Yea but the question is how far can you push this concept, that its all just copying and stealing. I mean, is that the way we should perceive J Williams "he just stole all his stuff". Should we approach "strawberry fields forever" as something Lennon copied, or (even worse) "stole". I have a problem with that word "copy" already, now "stole" is two steps further.

Maybe the VI community is like a thief bazaar. And the main influential figures encourage stealing (for example, MV does). Has HZ said that too, "stealing" please dont say it, will never come back here if thats the case.


----------



## Crowe (Jan 4, 2019)

Sigh...

"Good artists copy, great artists steal". It's such a well-known proverb and one that I've been exposed to in every facet of my arts that I'm honestly confused how you learned to do anything.

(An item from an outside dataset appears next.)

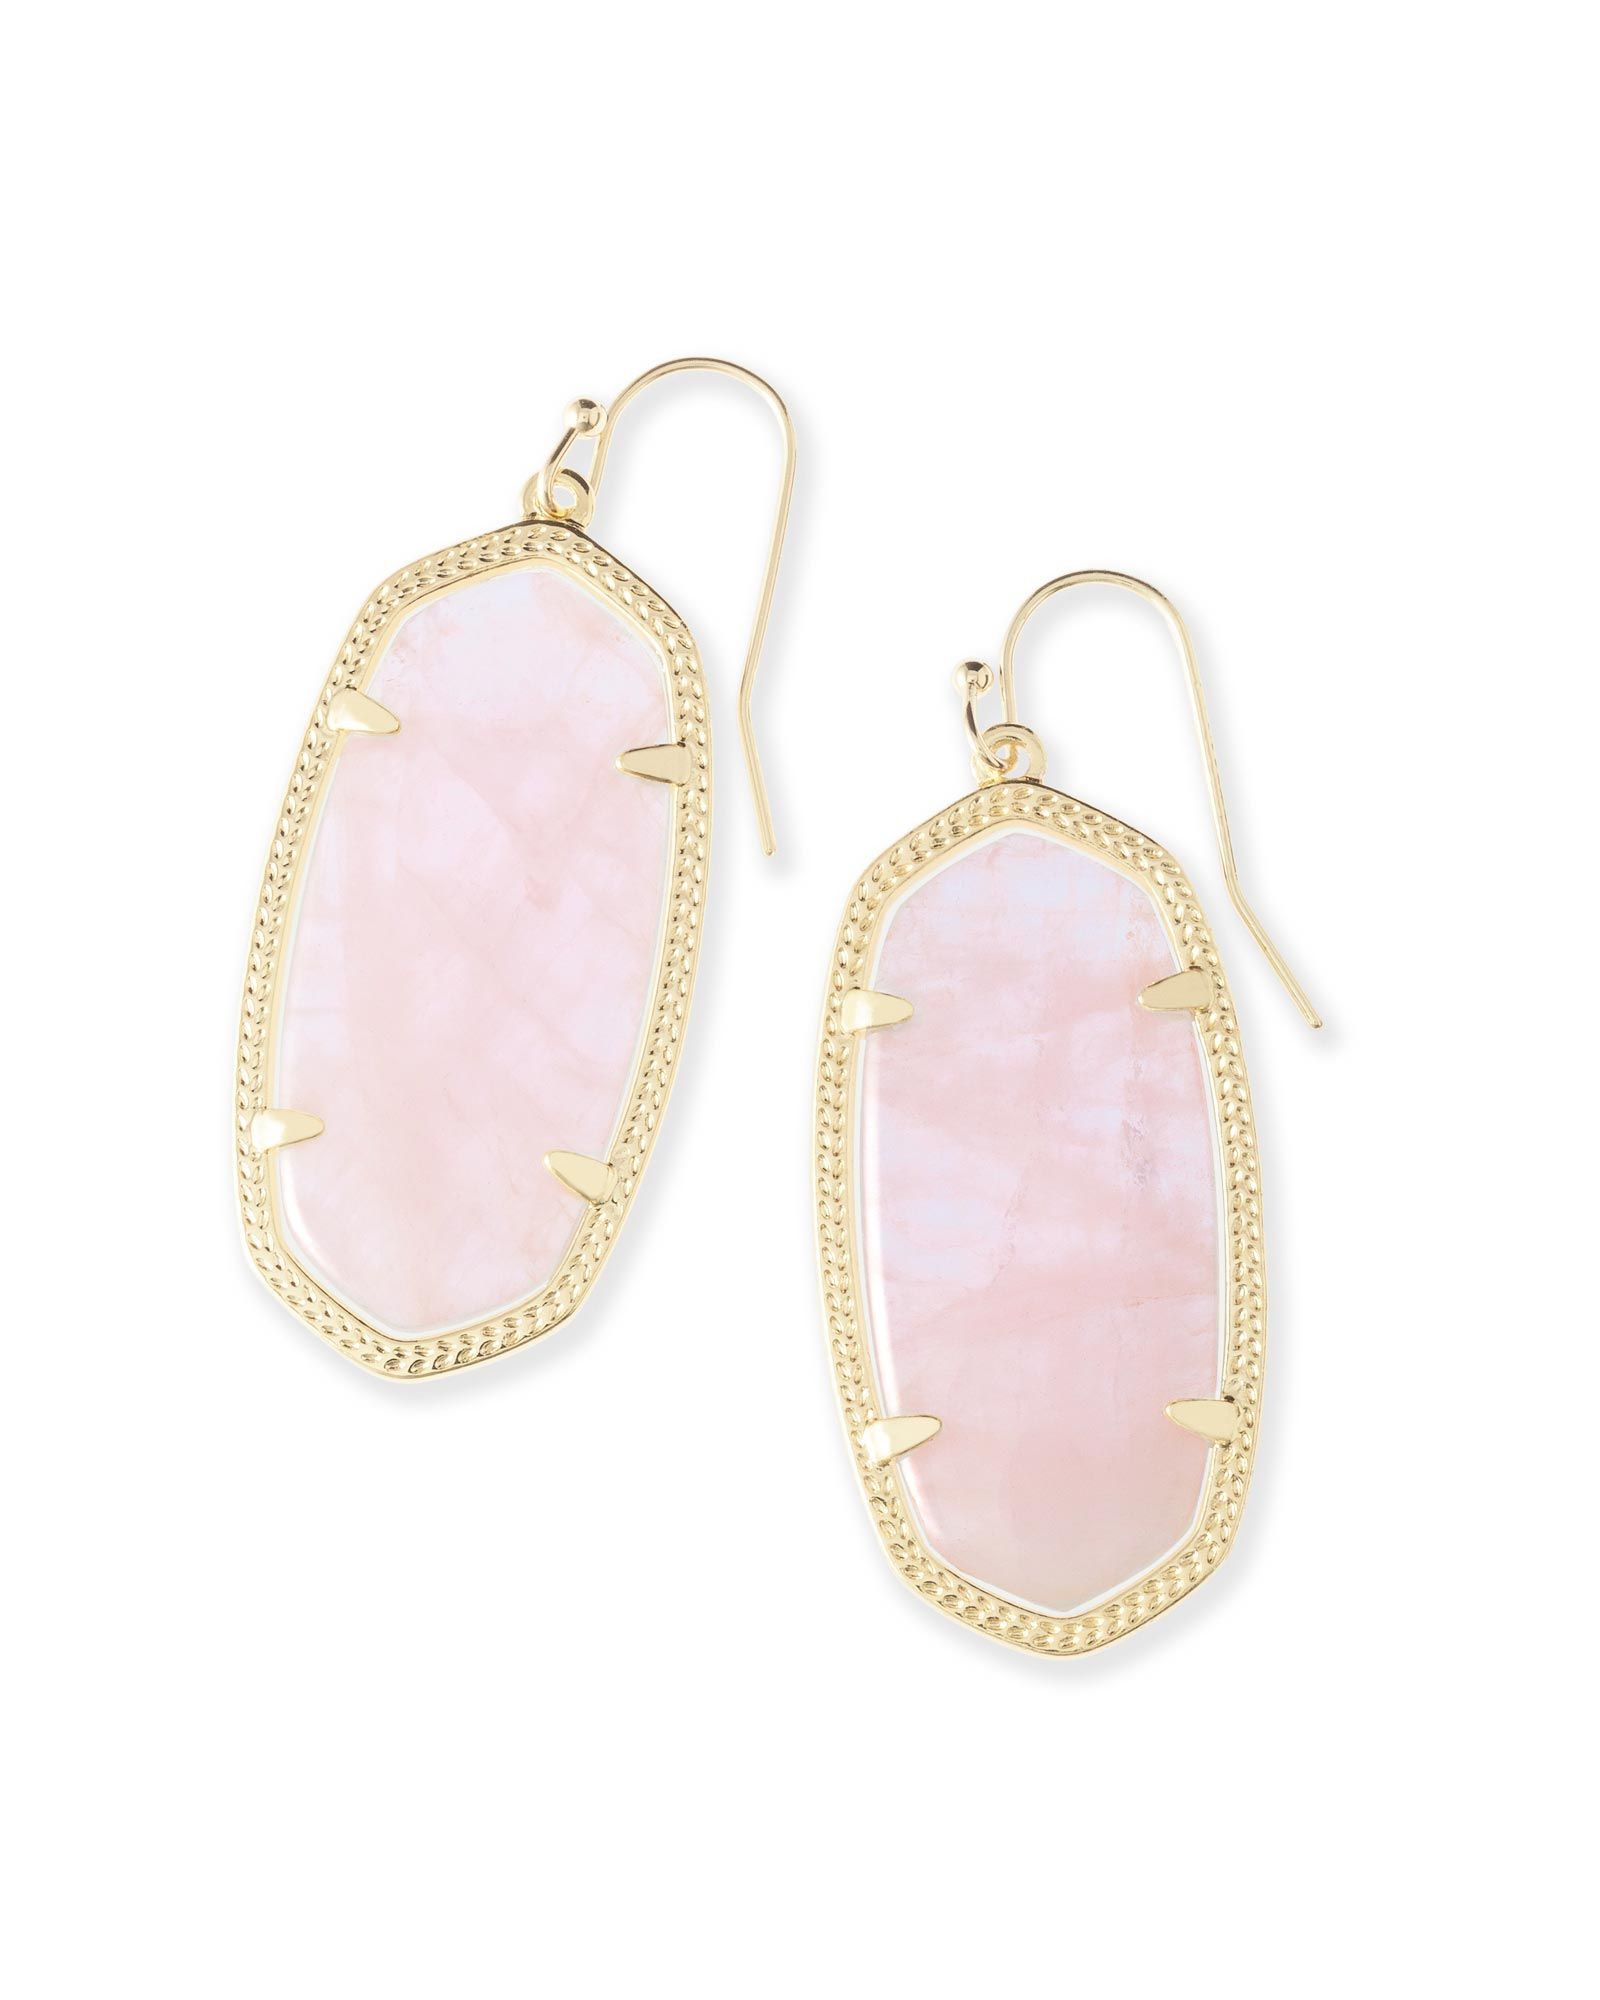 Elle Gold Drop Earrings in White Pearl | Kendra Scott | Kendra Scott

I mean, have you ever opened a Jazz piano book? The stuff you learn are voicings, chord progressions and styles that have already been proven to work in thousands upon thousands of songs. Because western music works according to certain rules, and those rules have to be exploited. Sure, someone somewhere was the first to find a certain combination but that doesn't mean that everyone after that person is a thief.

Everything I know about Jazz is stolen from Hal Leonard. He probably stole it from someone else.

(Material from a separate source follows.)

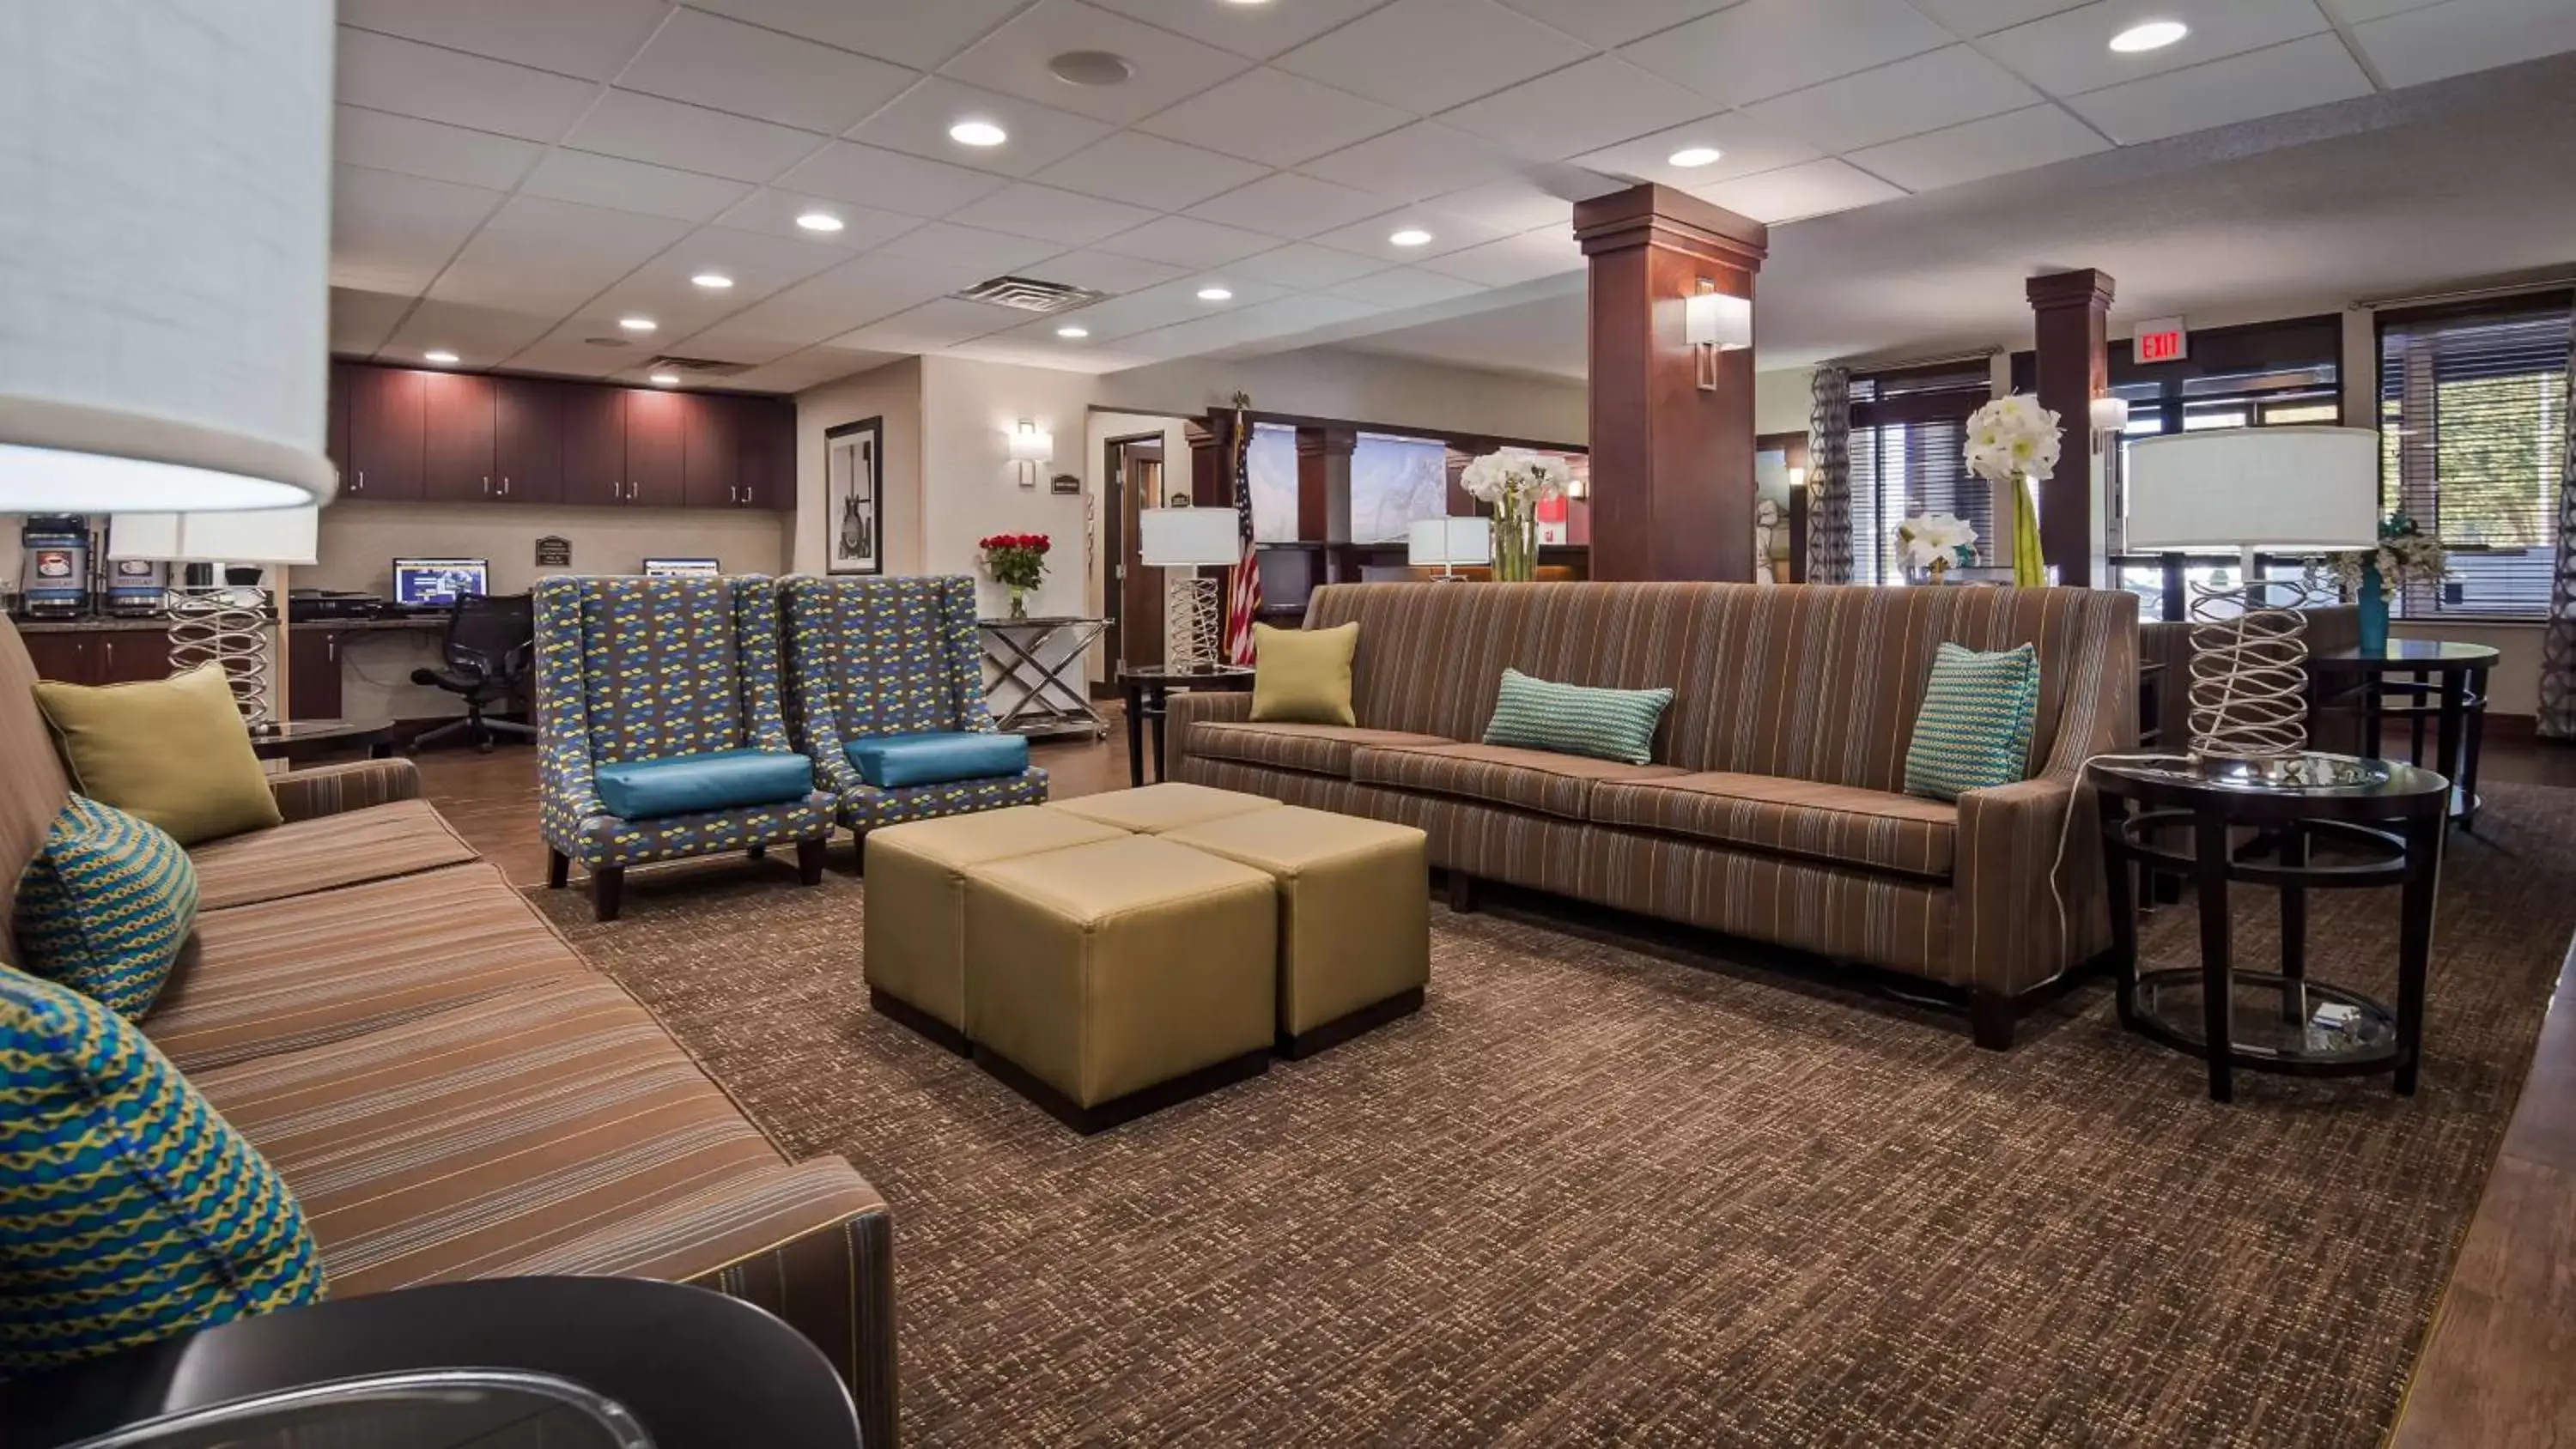 Lobby or reception in Best Western Plus Galleria Inn & Suites

Everything you know about music was first done by someone else. Everything you do is stolen. Everything you write contains ideas first brought forward by someone else, something you heard somewhere, something you absorbed.

If you are a musician, then you sir, are a thief, just like the rest of us. And now you're gonna have to let this go, because it really doesn't matter.


----------



## Consona (Jan 5, 2019)




----------



## Jimmy Hellfire (Jan 5, 2019)

It's bullshit that great artists "steal". It's something made up by non-artist people and mediocre folks as a compensation strategy.


----------



## PeterN (Jan 5, 2019)

John Lennon stole and copied "strawberry fields forever", and we should steal and copy too.

Maybe that could even be a slogan here.

Too bad havent found too much good stuff in the section of members compositions, will go and dig further if theres something to steal.

Anyway, dont expect me to bitch about this too long here.


----------



## TheSteven (Jan 5, 2019)

I'm kinda annoyed that the OP stole this thread instead of coming up with something original to rant about.
It's a dead horse that's been beaten sooo many times that the there's probably a hole in the Internet.


----------



## PeterN (Jan 5, 2019)

Yea, even this thread is getting mold now. I will try to figure out something original.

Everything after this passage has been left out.